А себе взял двух гусей.

—  Вот, — говорит, — и нас трое с гусями, всё поровну.

Барин посмеялся и дал бедному мужику еще денег и хлеба, а богатого прогнал.

В пересказе Л.Н. Толстого

Глупая барыня

Жила-была барыня, глупая-преглупая. Что ни забьет себе в голову — умри, а исполни.

Вот задумала барыня вывести сорок цыплят, и чтобы все были черненькие.

Горничная говорит:

—  Да разве это, барыня, возможно?

—  Хоть и невозможно, а хочется, — отвечает барыня.

Зовет она своего кучера и приказывает:

—  Садись в лукошко, выводи сорок цыплят, да чтобы были они все черненькие.

—  Помилуй, барыня! — говорит кучер. — Где же это видано — человека наседкой сажать?

Барыня и слушать не хочет.

—  Тебе, — говорит, — привычно на козлах си­деть, посидишь и в лукошке.

«Вот проклятые господа! — думает кучер. — Всю шею нам объели, хоть бы все околели!»

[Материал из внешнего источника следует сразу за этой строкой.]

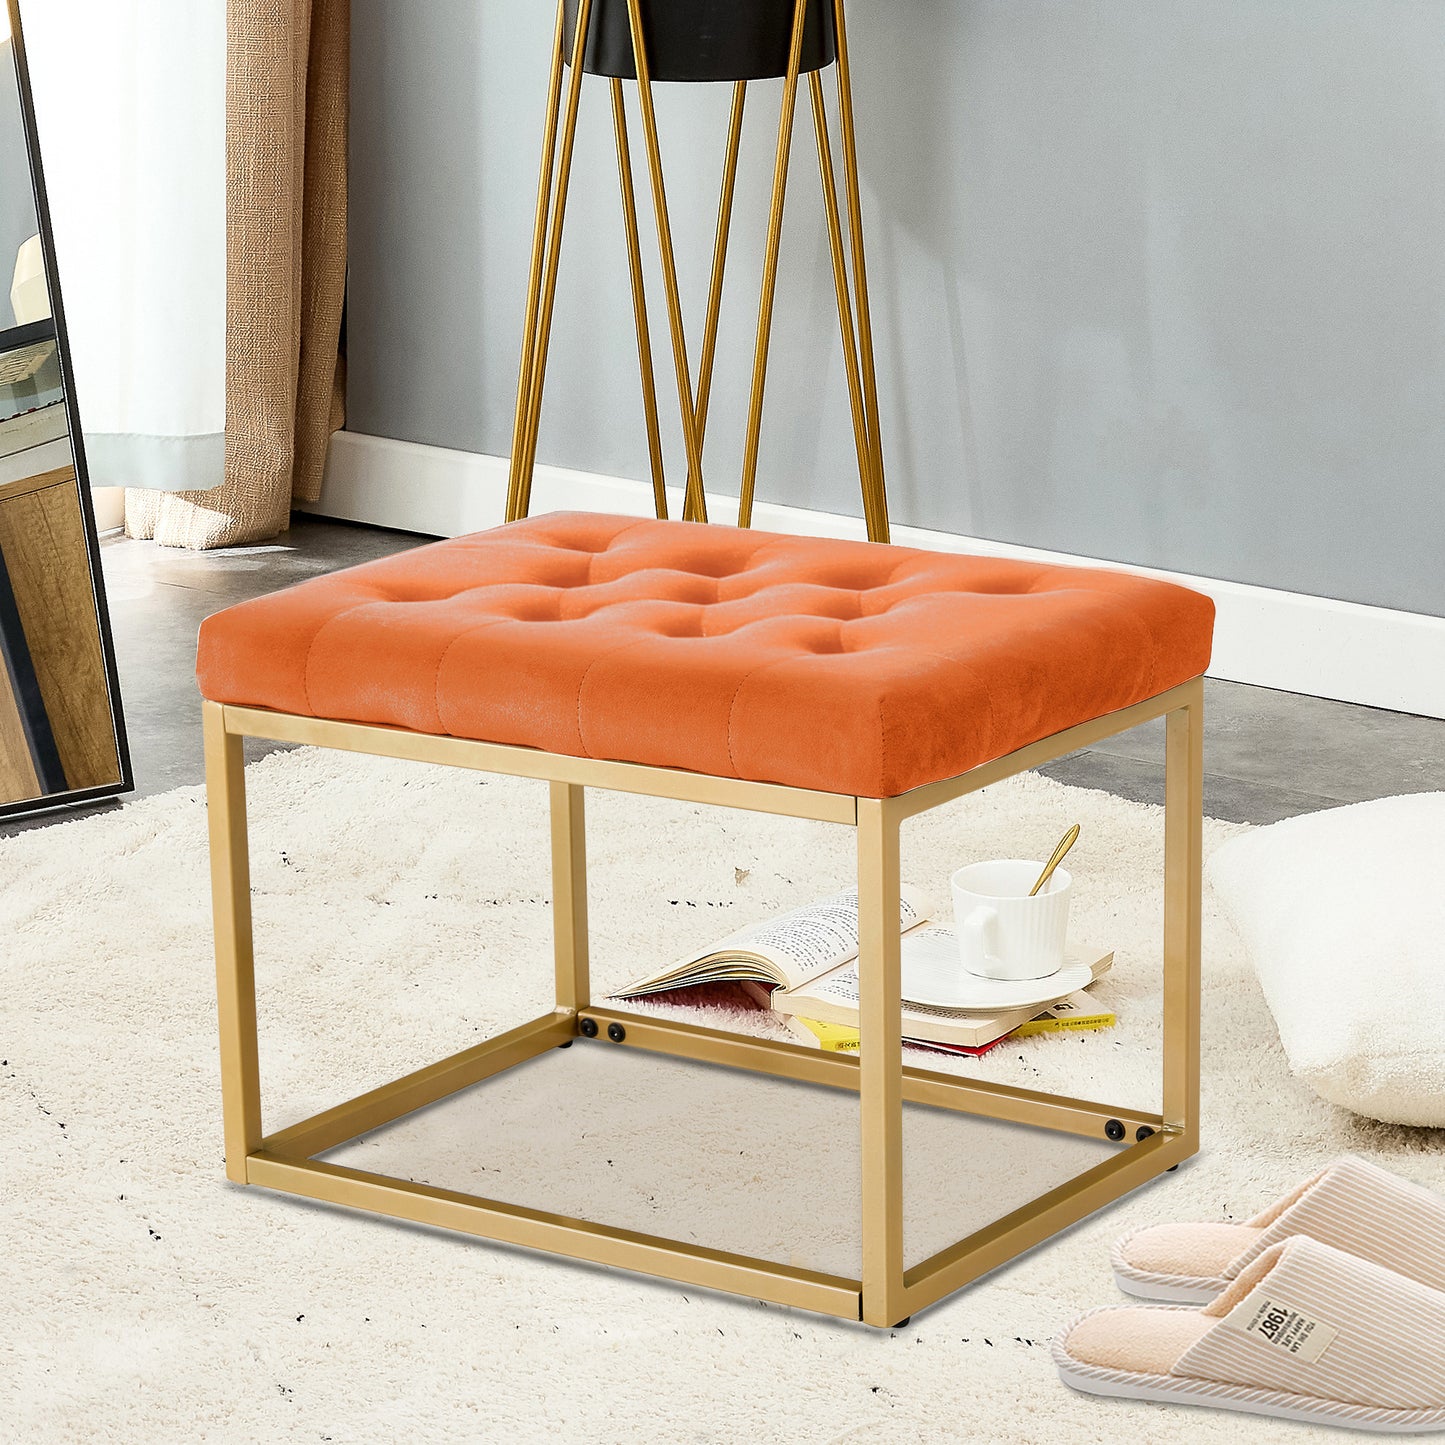 Velvet Shoe Changing Stool, Orange Footstool, Square Vanity Chair, Sofa stool,Makup Stool .Vanity Seat ,Rest stool. Piano Bench .Suitable for Clothes Shop,Living Room, Fitting Room BedroomST-001

—  Что ж, — говорит, — воля ваша. Только дай мне, барыня, то, что я попрошу. А нужно мне чаю, сахару, харчей побольше, тулуп, валенки и шапку.

Барыня на все согласна.

Отвели кучера в баню. Дали ему все, что просил. Посадил он наседкой курицу. Стали к нему друзья ходить, он их — чаем поить. Сидит с ними, чаек попивает, барыню дурой обзывает.

Ни мало ни много времени прошло, вывела на­седка цыплят, из них три черненьких.

Берет кучер черненьких пискунов в лукошко, идет к барскому окошку:

—  Вот, барыня, трех уже высидел. Получай да харчей прибавляй. Сама видишь: тяжело мне их высиживать.

Барыня обрадовалась, харчей прибавила, кучера досиживать заставила.

Каждый день слуг шлет узнать, сколько еще черненьких наклюнулось.

Видит кучер: дело плохо. Говорит своим друзьям:

—  Вы, ребята, зажигайте баню да меня дер­жите. Буду я рваться, в огонь кидаться, а вы не пускайте.

Ладно, так и сделали. Баню подожгли. И барыне доложили. Загорелась, мол, баня по неизвестной причине.

Вышла барыня на крыльцо и видит: горит баня, пылает, а кучер убивается, в огонь кидается. Слуги его держат, не пускают, а он одно:

—  Клу-клу!.. Клу-клу!.. Клу-клу!.. Слуги говорят:

—  Ой, барыня, смотри, как он сокрушается, как его материнское сердце разрывается!

А барыня кричит:

—  Держите его, покрепче держите! Цыплят те­перь не спасешь, так его бы удержать — очень хороша наседка!

Не успели пожар потушить, приказывает бары­ня кучеру опять цыплят выводить.

А он, не будь глуп, взял валенки да тулуп — только его и видели.

В обработке М.М. Сергеенко

Умный работник

У бедного старика бы­ло три сына.

Посылает отец старшего:

—  Поди наймись в батраки, все чего-нибудь заработаешь.

Пошел старший сын в другую волость, а на­встречу ему поп:

—  Наймись, свет, ко мне, только, чур, уговор такой: коли хоть на день раньше срока уйдешь — не видать тебе твоего заработка, ни копейки не дам.

Молодец перечить не стал и нанялся к попу на год.

Будит поп работника до солнышка, работать за­ставляет дотемна, а кормит один раз в день не досыта.

От голода да от тяжелой работы парень совсем отощал — насилу ноги волочит.

«Коли до срока жить — живому не быть, совсем изведусь».

Махнул рукой на заработок и с пустыми руками воротился домой.

А попу того и надо, чтобы работник до срока ушел. Все тяжелые работы справлены, и деньги целы.

На другой год пошел средний брат в работники наниматься. И таким же манером, как и старший брат, полгода у попа мучился и тоже без копейки, чуть живой домой приплелся.

На третий год настал черед младшему брату в люди идти.

Пошел он прямо к тому попу, где старшие братья горе мыкали.

—  Вот и хорошо, — обрадовался поп, — я как раз работника ищу. Рядись, платой не обижу, а уговор такой: до срока проживешь — получай все сполна, что ряжено; если раньше уйдешь — пеняй на себя, копейки не заплачу.

—  Ладно, — отвечает молодец. И ударили по рукам.

На другое утро — ни свет ни заря — будит поп работника:

—  Вставай, скорей запрягай, поедем за сеном на дальний покос.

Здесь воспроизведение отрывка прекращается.